*Work order*: Every line below must be reproduced exactly; no pictures are to be included.

*Given data*:
[Start of section]

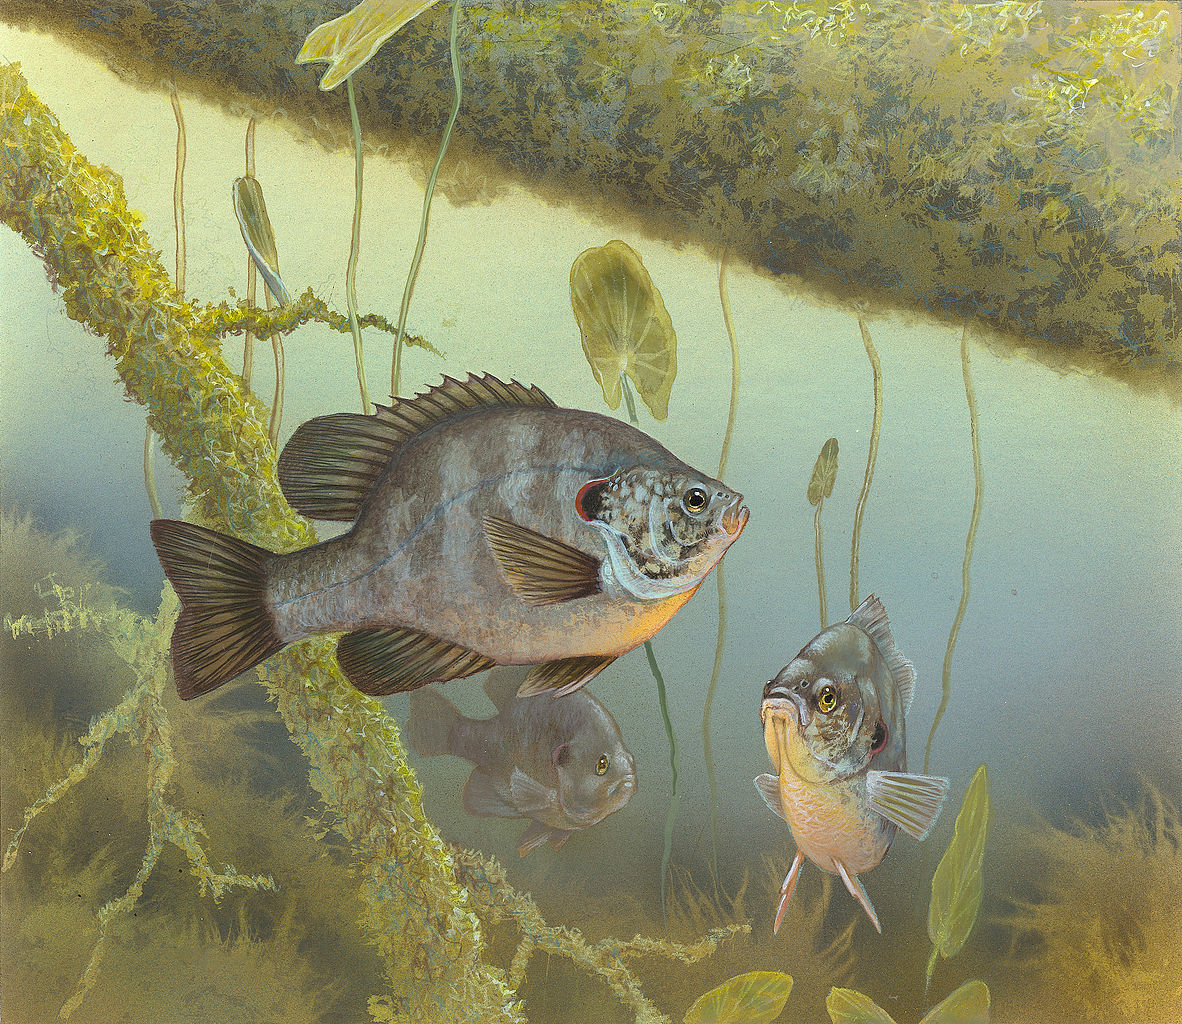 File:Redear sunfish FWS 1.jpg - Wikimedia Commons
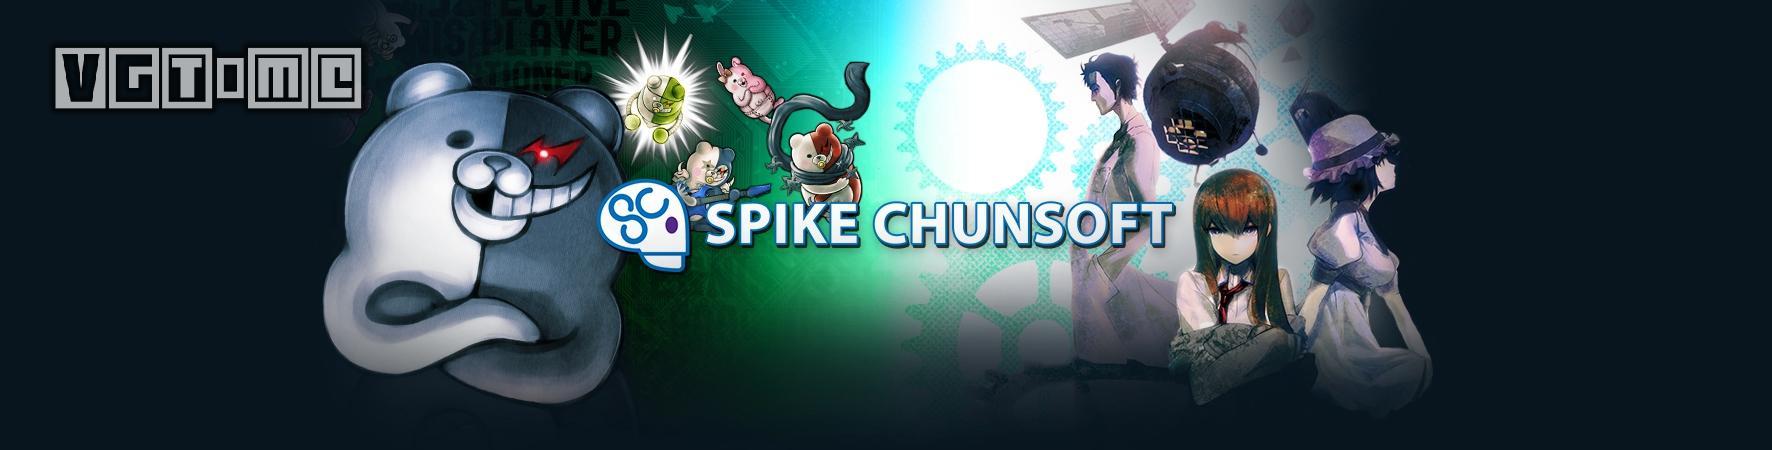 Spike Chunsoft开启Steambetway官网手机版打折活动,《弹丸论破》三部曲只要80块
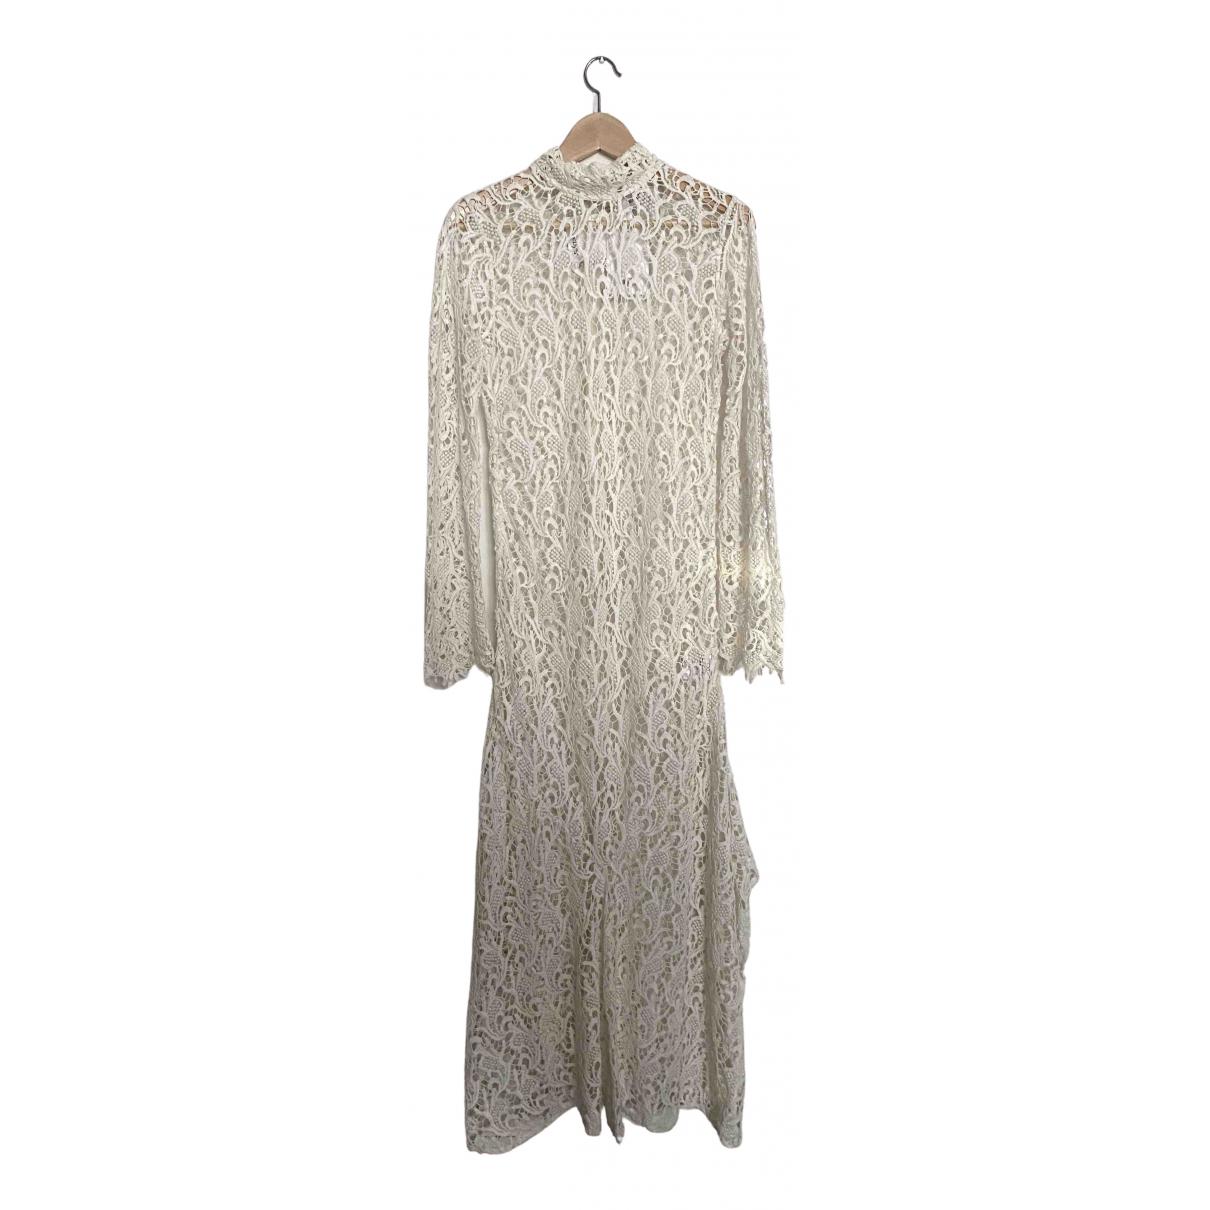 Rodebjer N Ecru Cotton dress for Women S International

[End of section]

*Reply to the task*:
 File:Redear sunfish FWS 1.jpg - Wikimedia Commons
 Spike Chunsoft开启Steambetway官网手机版打折活动,《弹丸论破》三部曲只要80块
 Rodebjer N Ecru Cotton dress for Women S International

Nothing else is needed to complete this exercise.